Here are what I learn in week 3...
Conjunction (AND, ∧) noun
“the action or an instance of two or more
events or things occurring at the same point
in time or space.”
To put this in perspective, P(x) ∧ Q(x) means
1)P(x) intercept Q(x)
2)P(x) = True and Q(x) = True
3)The interlocked part of the circles on a Venn Diagram of P(x) and Q(x)
Disjunction (OR, ∨)
"Combine two statements by claiming that at
least one of them is true."
To put this in perspective
1)P(x) union Q(x)
2)P(x) = True, Q(x) = True, or P(x),Q(x) both equal to True
3)Both circles of the Venn Diagram of P(x) and Q(x)
If you want to mean P(x) or Q(x) but not both - that's exclusive-or!
Negation (NOT, ¬)
NOTHING fancy about it, get it?
Literally mean NOT
BUT, you can move a negation further into a bracket by changed the universal quantifier into existential quantifier and vice versa
example:
1)NOT(all Koreans are good at playing League of Legends) = there exist a Korean who is NOT good at playing league of Legends
2)NOT(there exist a chicken who loves eating dog) = all chicken NOT love eating dog.
Parenthesis
1) they are important - you basically need them for every connectives you have (conjunction, disjunction, implication, etc)

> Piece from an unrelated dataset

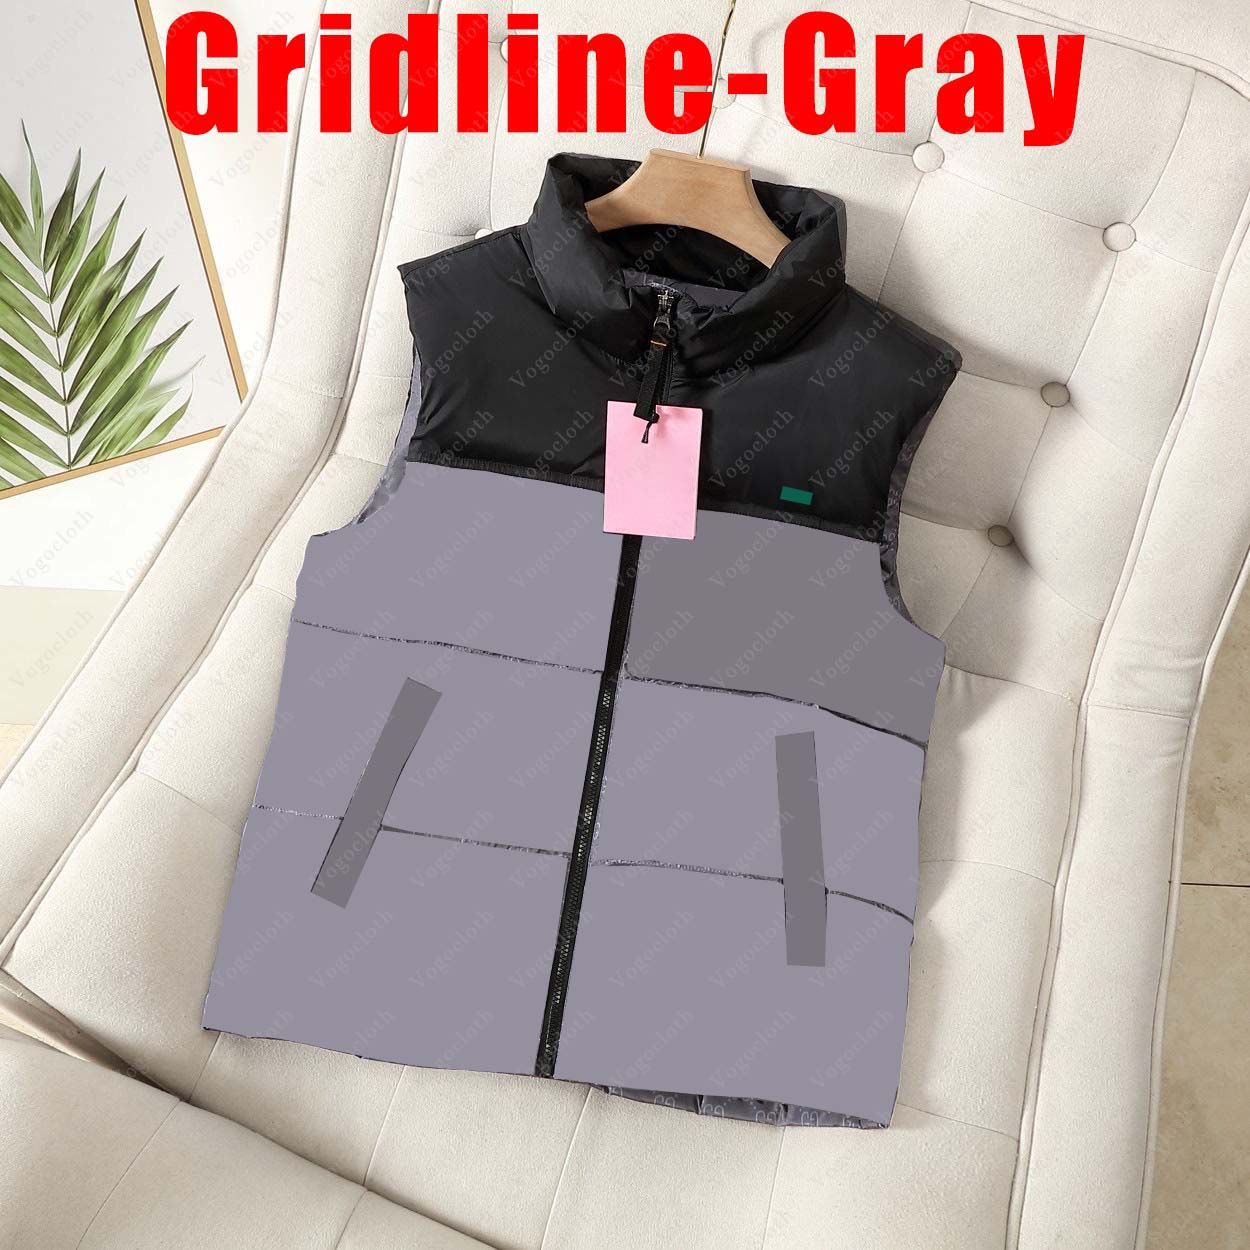 Gridline-Grau

2) what happens in the parenthesis stays in the parenthesis (you are have two xs in two parenthesis and they won't mean the same thing)
Truth Table
"Enumerate the outputs over all possible
combinations of input values of P, Q" - and how many other variables you have.
In this case
Input = either True or False
P, Q... are all predicates
You draw a table, where your predicates are in the first few columns, and the predicate logic you want to check are in the following columns.
Now base on the combination of True and False of your variables, you check whether the predicate logic involving those variable are True or False.

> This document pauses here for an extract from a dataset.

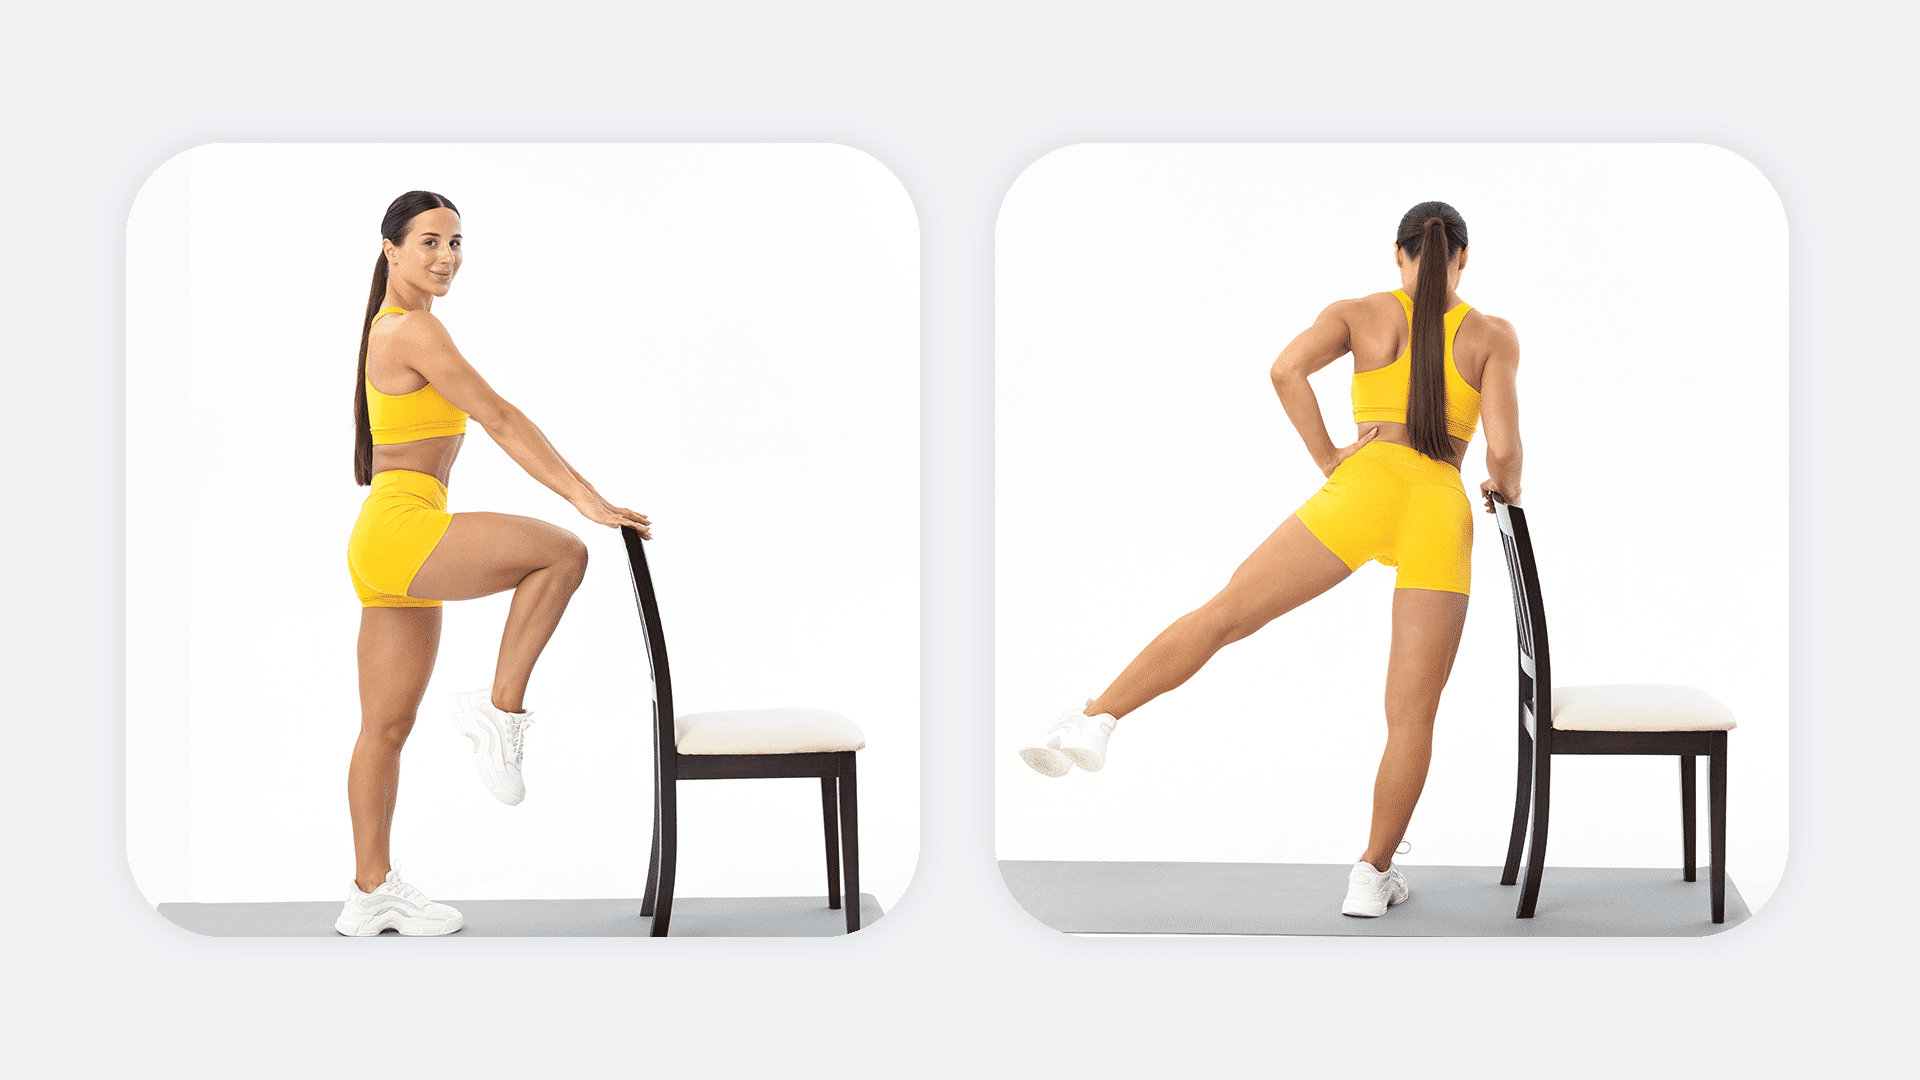 Compass Chair Pose (Eka Pada Parivrtta Utkatasana Surya Yantrasana  Variation) by Bernadette C. - Exercise How-to - Skimble

It has as many rows are 2 to the power of the number of predicates you have.
1) If a column is all True, then the predicate logic is a tautology
2) If a column is all False, then the predicate logic is unsatisfiable
3) Otherwise, it is satisfiable
4) If two column have the same truth values, then they are equivalent
De Morgan's law
Basically, if you have a negation of a conjunction, NOT(P AND Q)

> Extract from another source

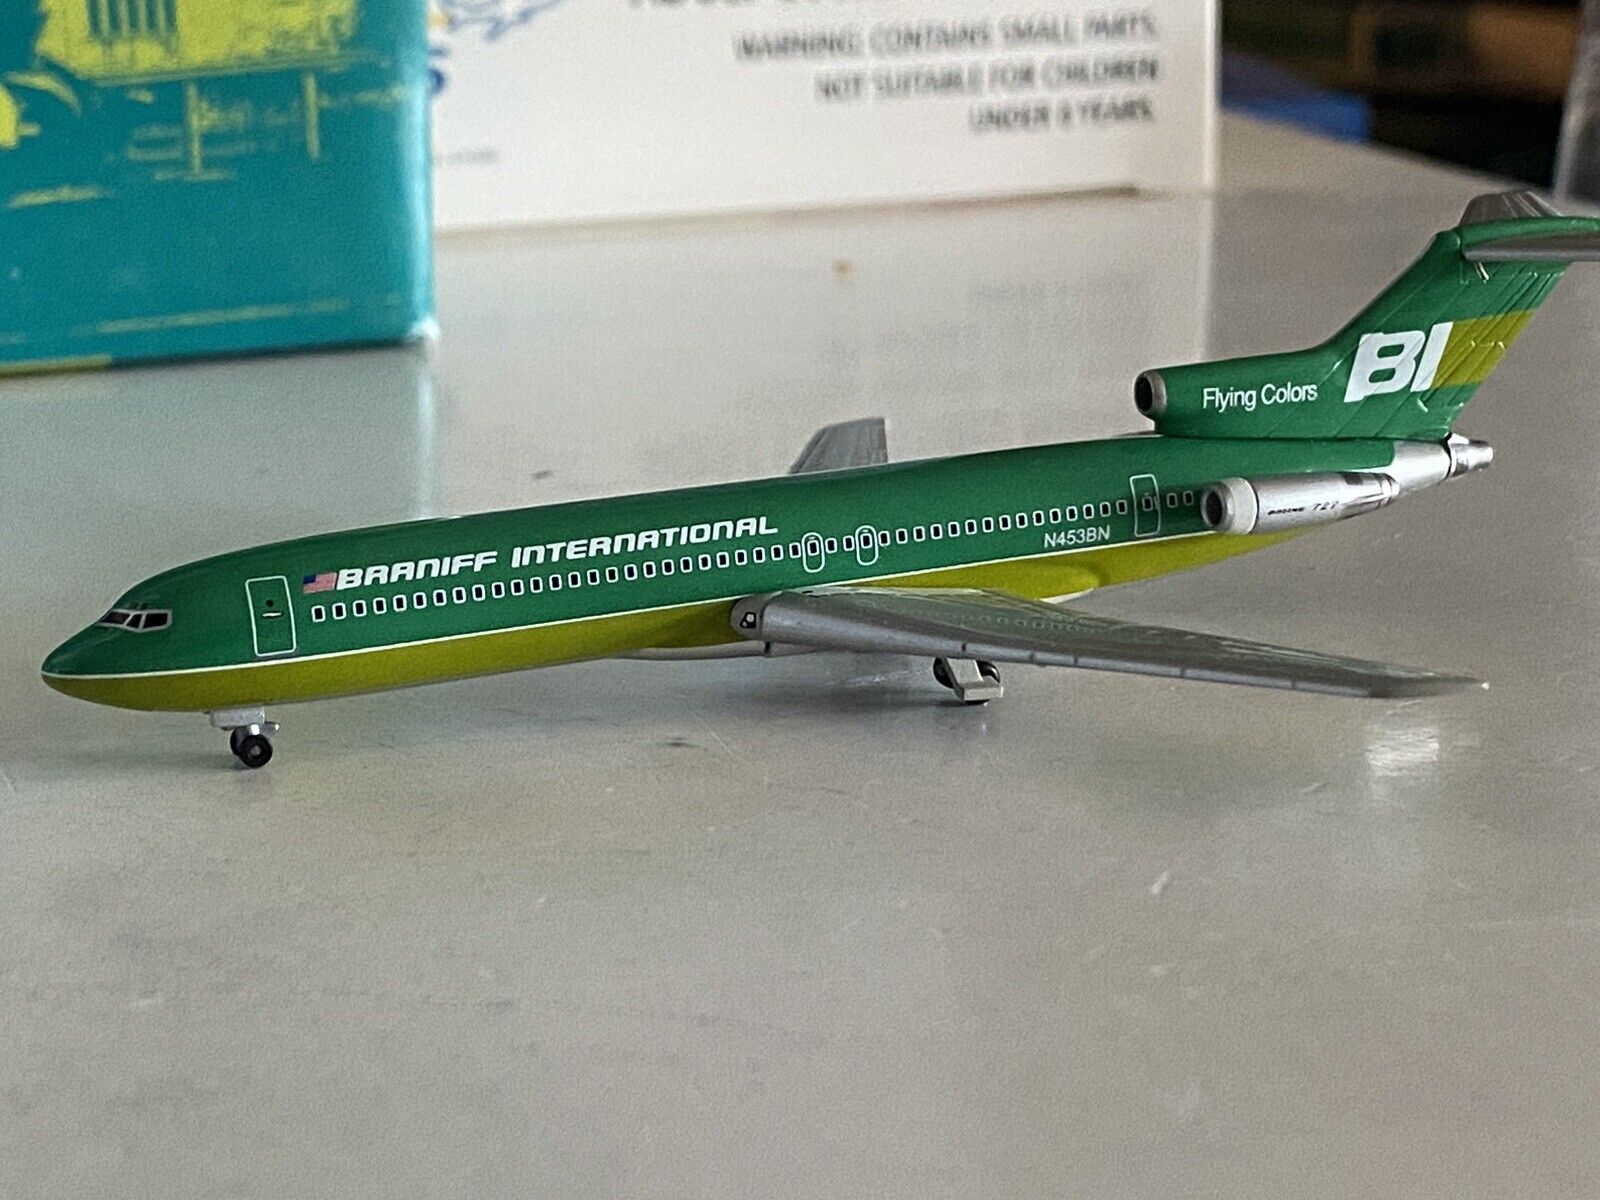 Jet-X Braniff International Boeing 727-200 1:400 N453BN JX031 Green

it can be turn into NOT(P) OR NOT(Q)
similarly NOT(P OR Q) is equivalent to NOT(P) AND NOT(Q)
*Note, you just break the bracket, apply negation to both elements, and change AND to OR
Laws
*For a full list of laws to be used in CSC165,
read Chapter 2.17 of Course Notes
But for those who want to know some
Conjunction and disjunction have the following laws
1) commutative - P AND/OR Q is equivalent to Q AND/OR P
2) associative - where put the bracket is not important for the same sign
3) distributive - P AND (Q OR R) is equivalent to (P AND Q) OR (P AND R)
4) identity - P AND NOT(P) is False, P OR NOT(P) is True
5) idempotent - P OR P, P AND P are equivalent to P
This is all from week 3.............. a little shorter than last week?
Thursday, September 25, 2014
Week 2
Ok, to actually make use of this blog thing, I will make it into my review notes, starting..... now!
From last week we learned ...
Universal quantifier: ∀, “for all” (∀x means - for all x) literally
Existential quantifier: ∃, “there exist"(∃x means - there exist a x) literally
Hence....
NOT ∀x means not all x, and
NOT ∃x means there exist no x.
Quantifiers are followed by predicates (P,Q,R,P(x),Q(x),R(x)) or conditional (P IMPLIES Q), so they makes sense this this way...
∀x, P - for all x, P is true
∃x, (P IMPLIES Q) - there exist a x, where (P IMPLIES Q) is true
This week.... Visualization with Venn Diagram
Venn Diagram, invented by Venn, is (for now) two interlocked circle within a big rectangle.
The rectangle symbolizes the background set, all the elements required by the predicates and more.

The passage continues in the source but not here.